The Nature Writers of Texas

The best nature writing from the newspaper, magazine, blog and book authors of the Lone Star State . . .

Sunday, February 25, 2007

Skunks Are on the Trail of Romance in Spring
by Ro Wauer

In spring, like so many other critters, including humans, skunks turn their attention to love. They begin to wander about in search of that one true love of their life or, more truthfully for skunks, their annual affair.

Skunks normally live a solitary existence, only pairing up during the spring breeding season. Consequently, they are far more likely to meet their demise from high-speed vehicles in early spring, usually in February or March, when are searching for a mate, than at any other time of the year.

Our South Texas area has three species of skunks: eastern spotted, hognose, and striped, but only the striped skunk is reported regularly. The smaller less common eastern spotted skunk, identified by numerous white markings, is far more secretive and is rarely seen. It is found throughout eastern and northern Texas, while the very similar western spotted skunk occurs primarily in the Trans-Pecos and a portion of the Hill Country, and westward to the Pacific Coast. The larger hognosed skunk, with a longer snout and an all-white back and tail, is more numerous to the south and west, and is only rarely reported in the Coastal Bend. There is a fifth skunk species in Texas, the hooded skunk, which occurs only the Big Bend region.

The striped skunk is easily identified by its black body and narrow white stripes that runs from the top of its head backward along its back, like an elongated V. About the size of a large house cat, striped skunks can appear almost anywhere, from our fields and woodlands to even our residential areas. Nocturnal in behavior and rarely encountered, they are more often detected by scent than they are seen.
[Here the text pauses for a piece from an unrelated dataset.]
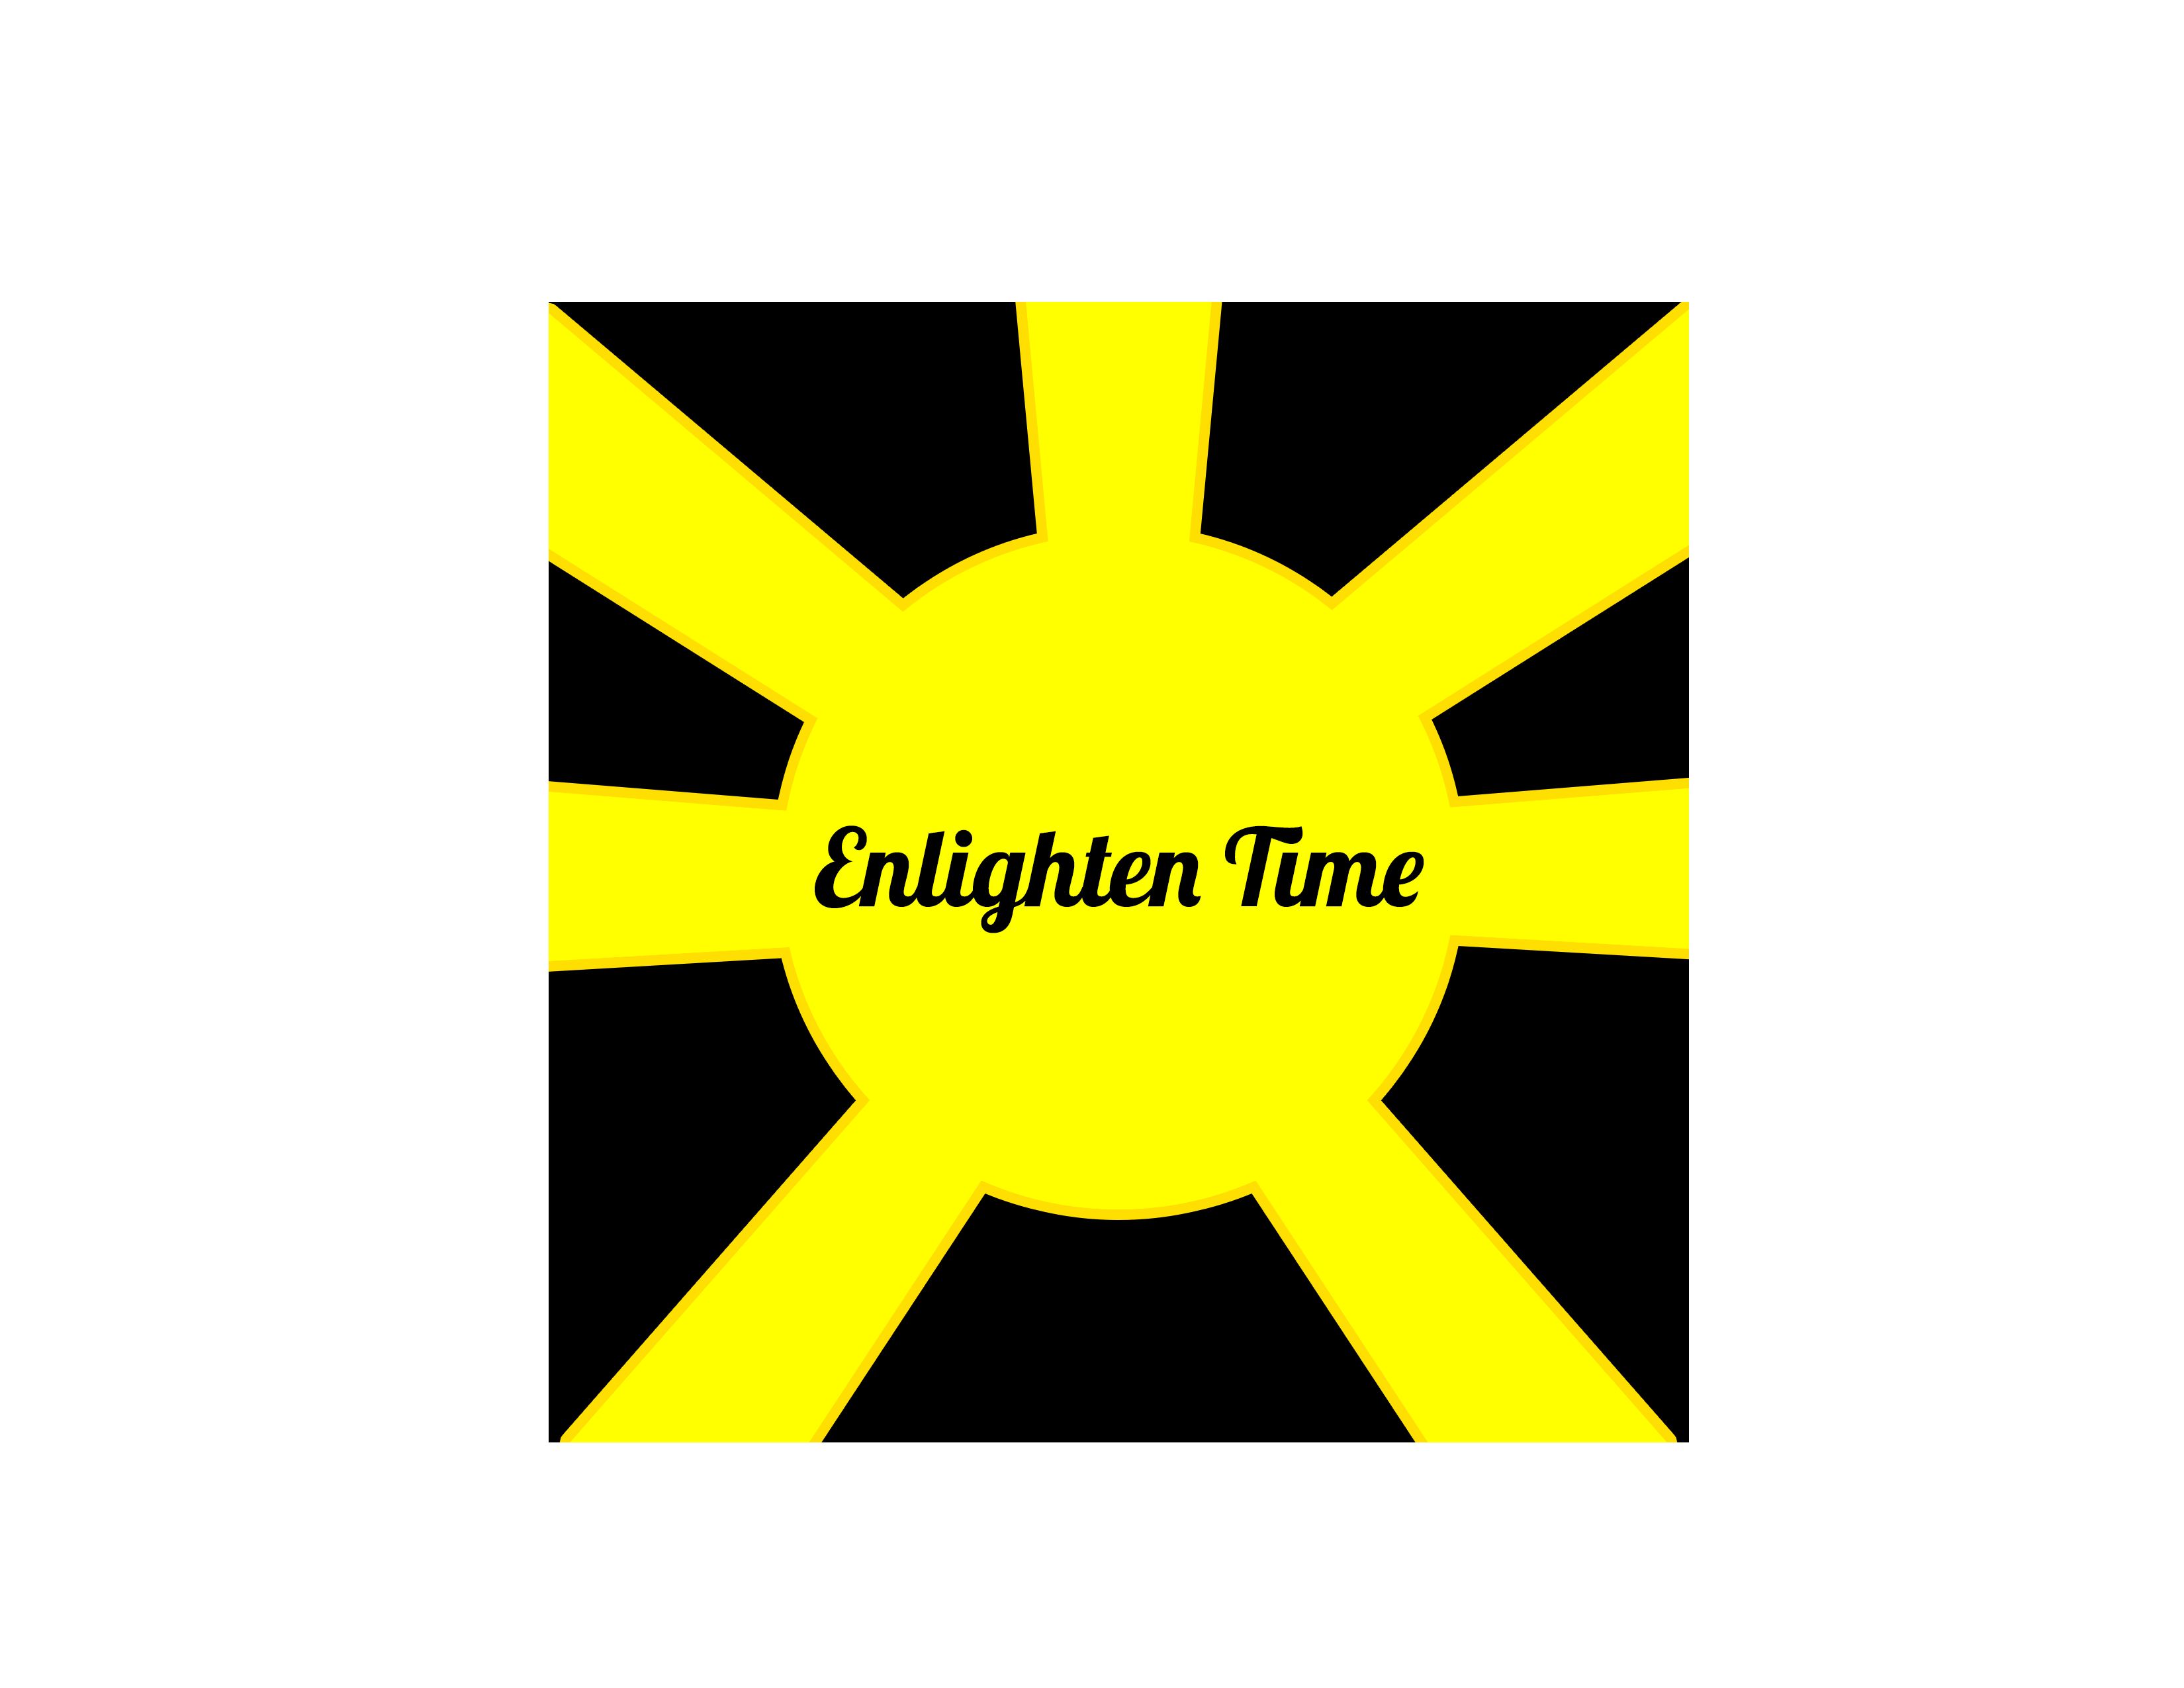 Enlighten your life with enlighten time
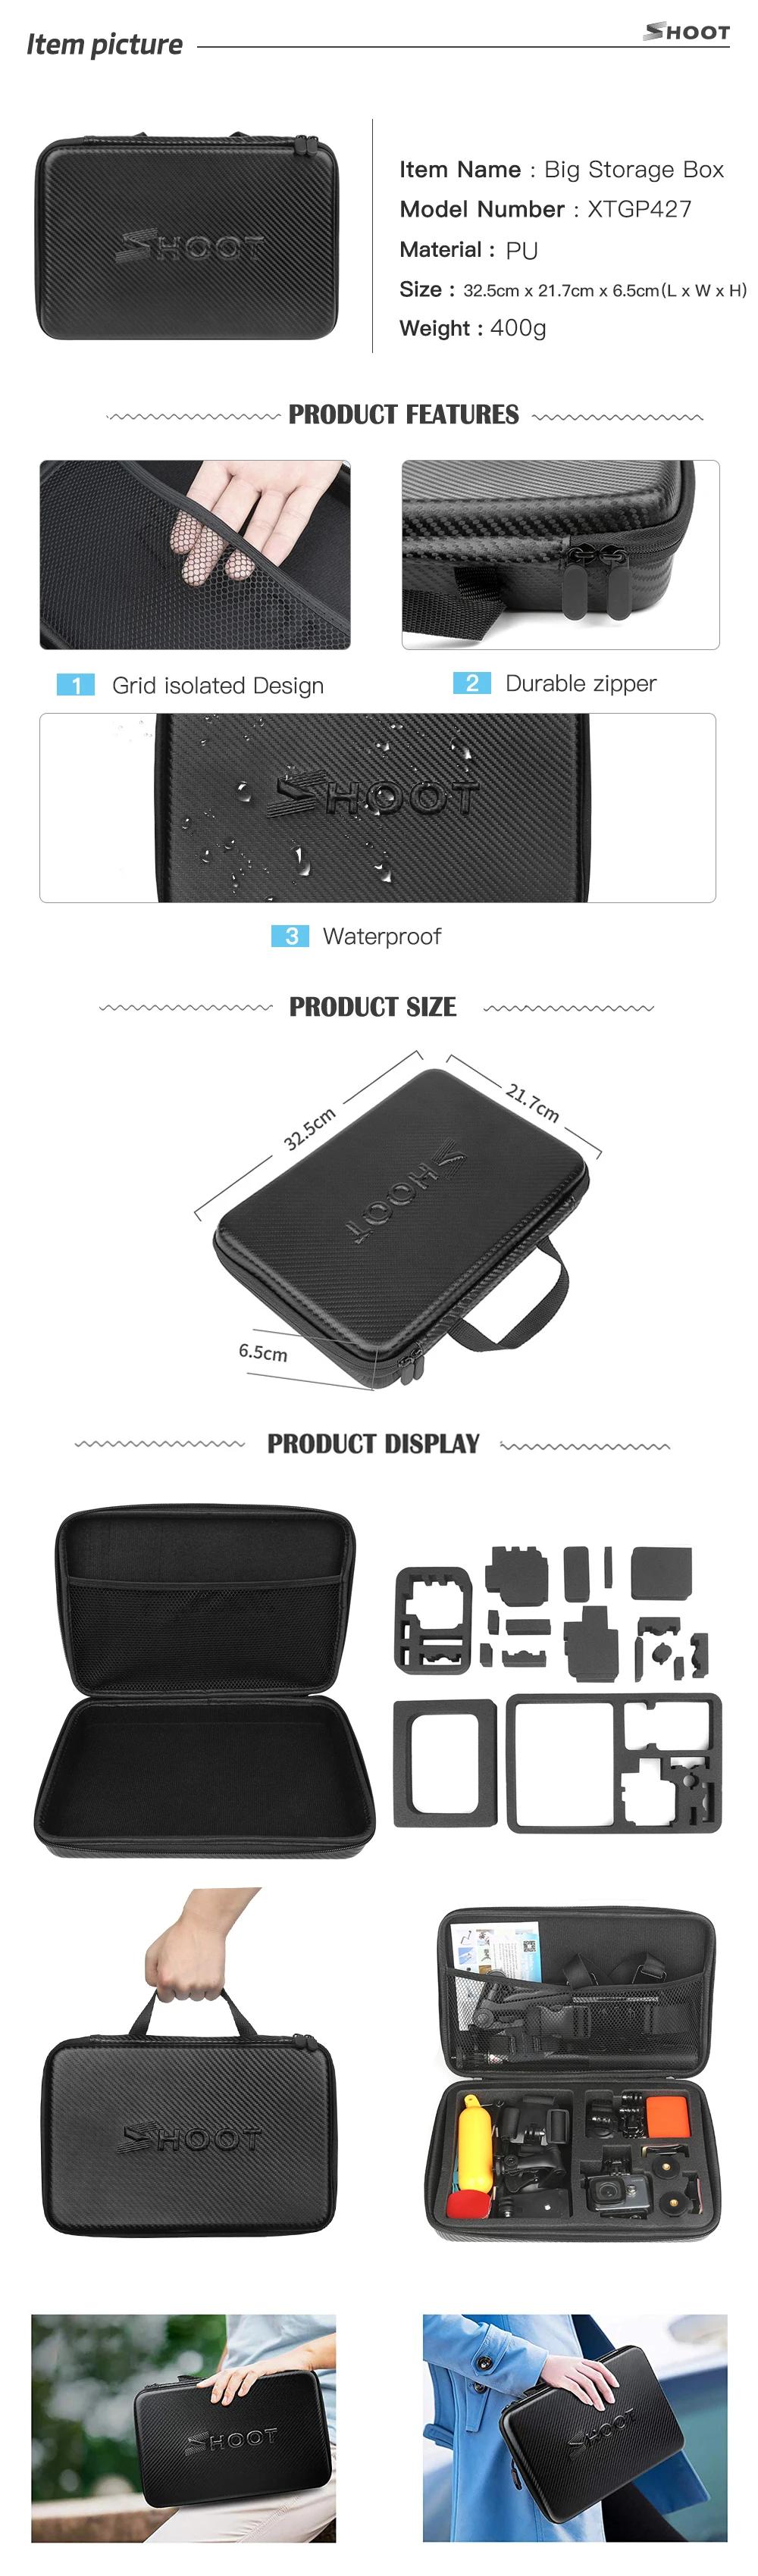 Стрелять Действие Камера аксессуаров для GoPro Hero 7 6 5 4 черный Xiaomi Yi 4 K Lite 2 SJCAM SJ7 Экен H9 Go Pro крепление для Sony Nikon комплект

All skunks possess scent glands with an obnoxious odor that they can spray at an antagonist when disturbed. When hit by a vehicle, they usually will spray automatically. Although it may seem that the typical skunk odor is commonplace, they spray only as a last resort. The scent glands, located near the base of the tail, are normally activated only after the animal warns the intruder first. It first will audibly strike the ground with its forefeet and even make short rushes at its enemy before actually using its potent spray. It finally will bring its rear around toward its enemy, with its tail erect, and then discharge fine yellow droplets through small ducts that open just inside the anus. These glands are encased in muscles that can be voluntarily controlled by the animal when the situation demands it. The powerful scent may then be detected miles away during favorable weather.

Skunks are omnivorous, feeding on practically any animal they can find that is small enough to capture. Insects may constitute from 50 to 90 percent of their diet, but snakes, frogs and even freshwater clams that are often dug for in loose sand, are utilized. Skunks also love bird eggs and babies. And their few enemies consist of humans, large dogs, coyotes, bobcats, and great horned owls. Few nighttime predators are large enough and aggressive enough to kill a skunk. The skunk’s powerful defense immunizes them effectively from most potential enemies.

Until recently skunks belonged to only a subfamily of carnivores, along with dogs, cats, raccoons, badgers, weasels, and bears. But, according to David Schmidly's revised book, The Mammals of Texas (Univ. Texas Pres, 1994), they were raised to the family level Mephitidae, based on molecular studies and their truly unique behavior.